■ **What you should do**
Write out the entire listing below exactly, with the pictures left out.

■ **Exercise data**

------------------------------------------------------------

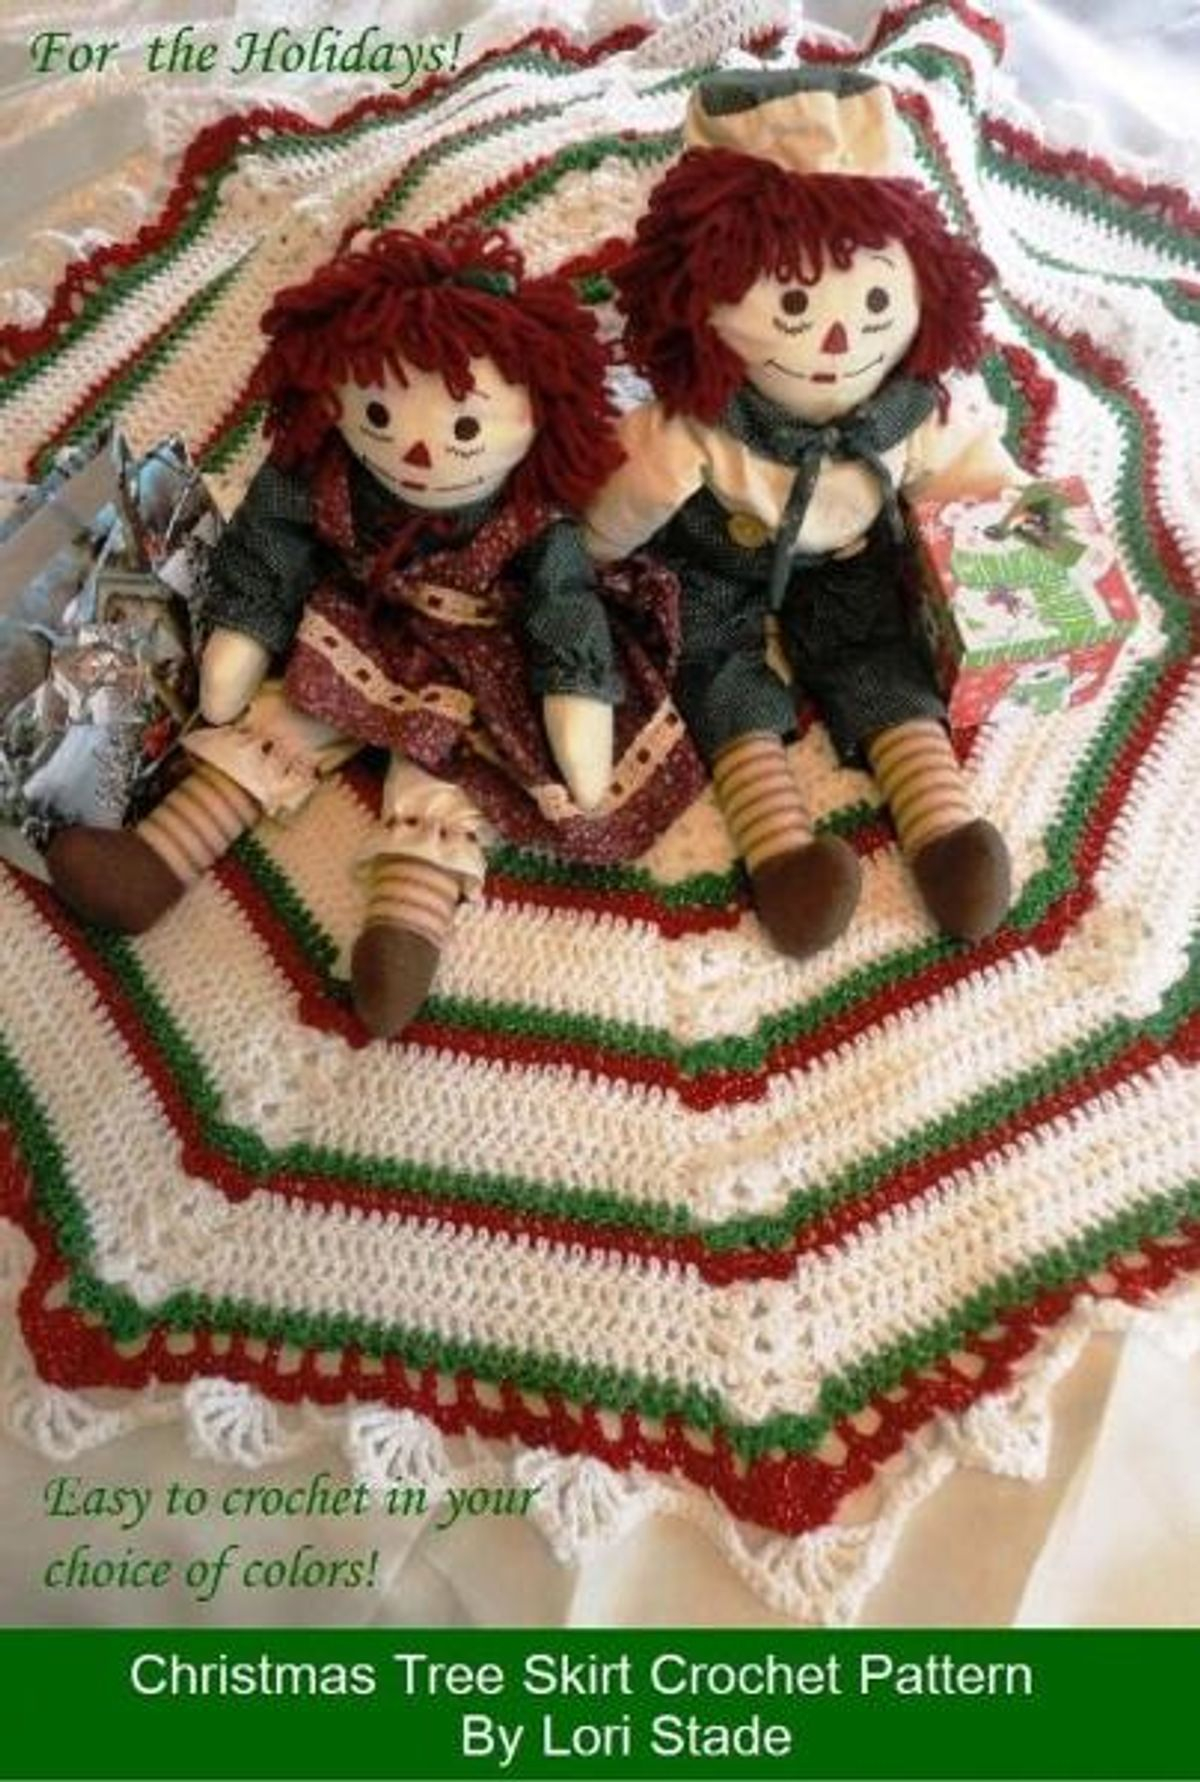 Crochet Tree Skirt Pattern Christmas Tree Skirt Crochet Pattern Ebook Lori Stade Rakuten Kobo
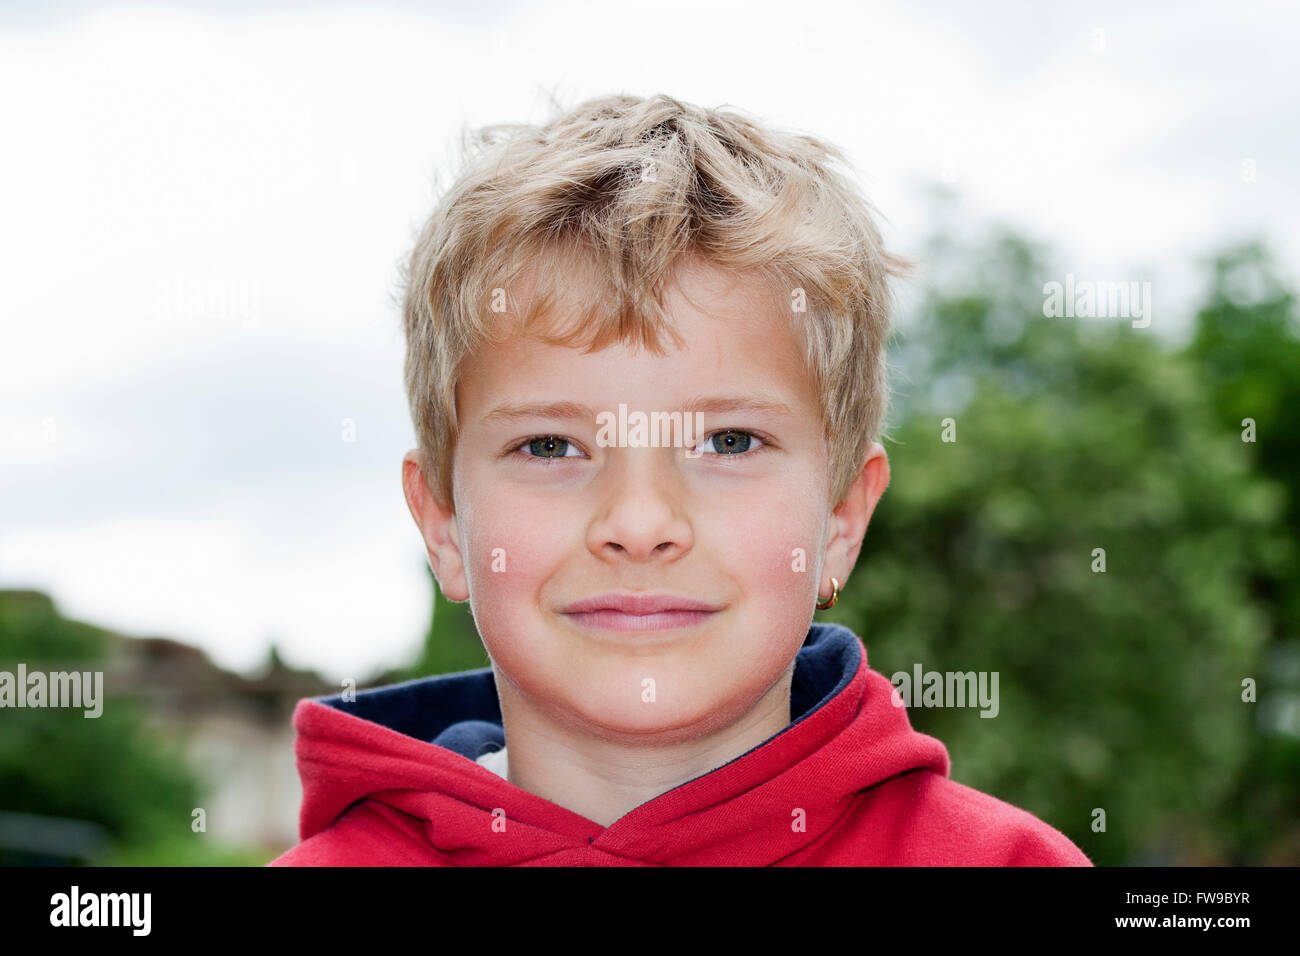 Junge mit Ohrring, Porträt Stockfotografie - Alamy
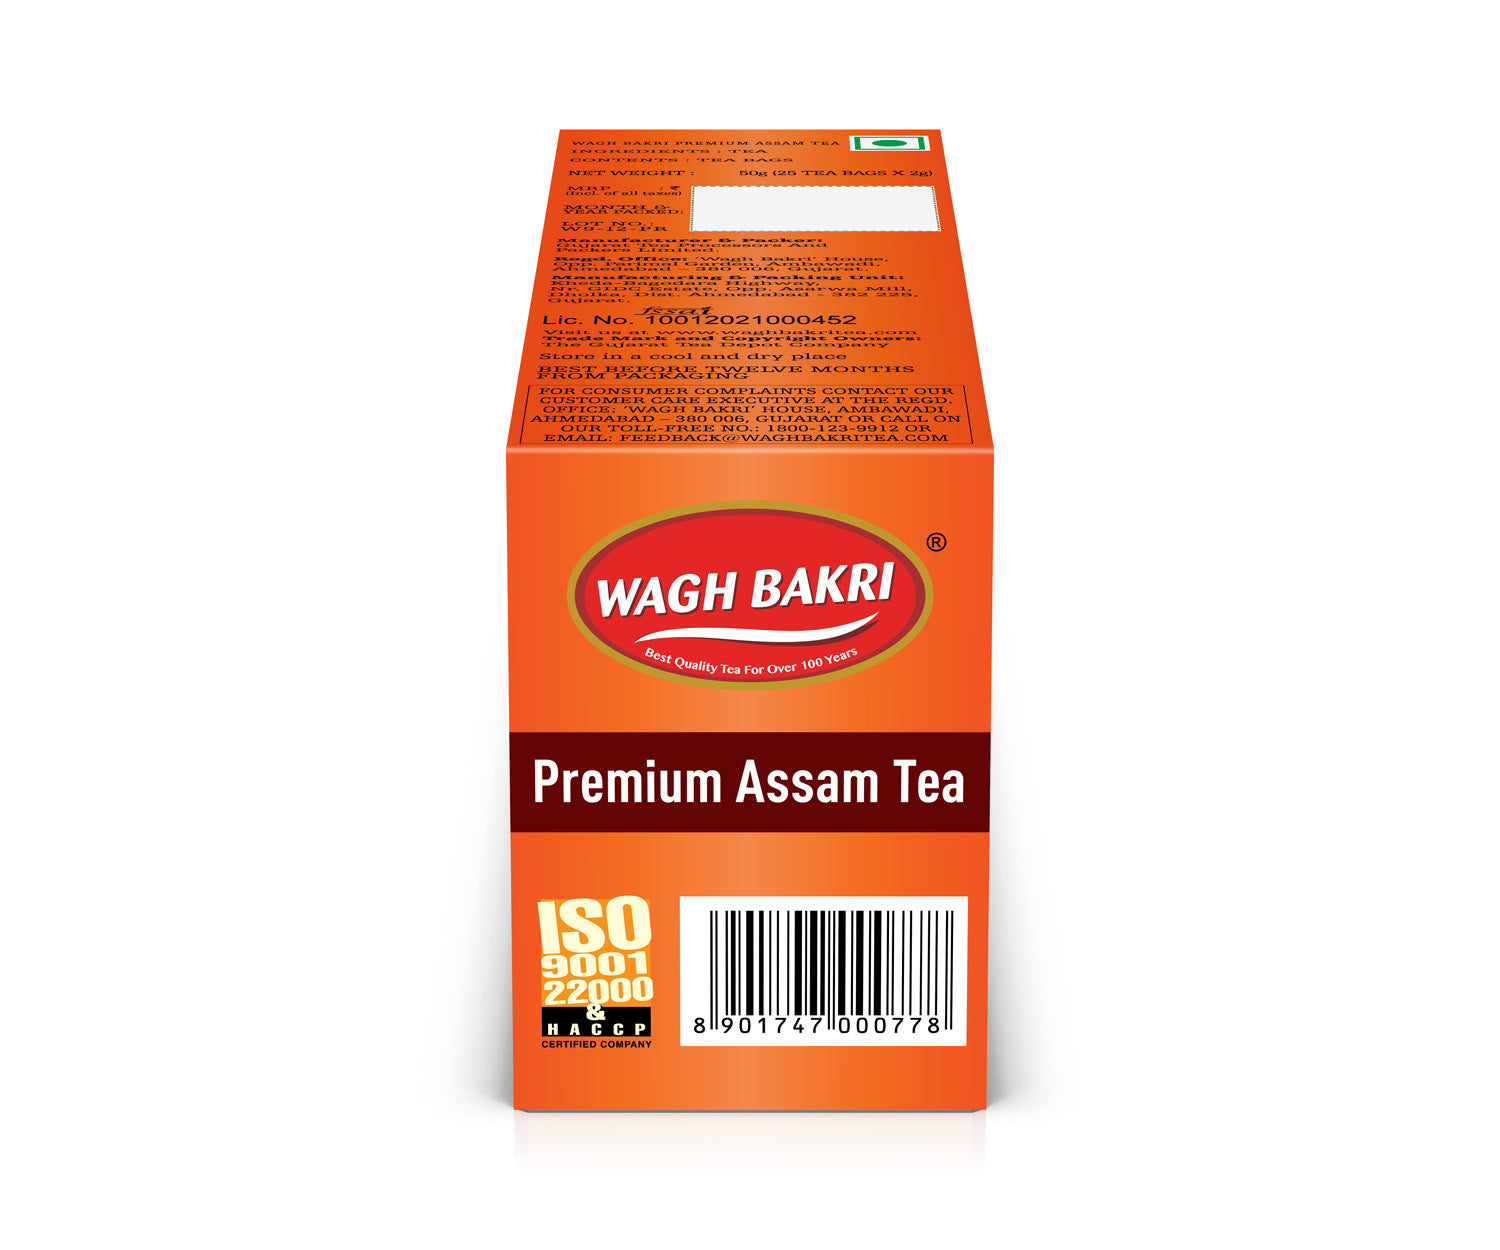 Wagh Bakri Premium Assam Tea Bags

------------------------------------------------------------

■ **Written response**
 Crochet Tree Skirt Pattern Christmas Tree Skirt Crochet Pattern Ebook Lori Stade Rakuten Kobo
 Junge mit Ohrring, Porträt Stockfotografie - Alamy
 Wagh Bakri Premium Assam Tea Bags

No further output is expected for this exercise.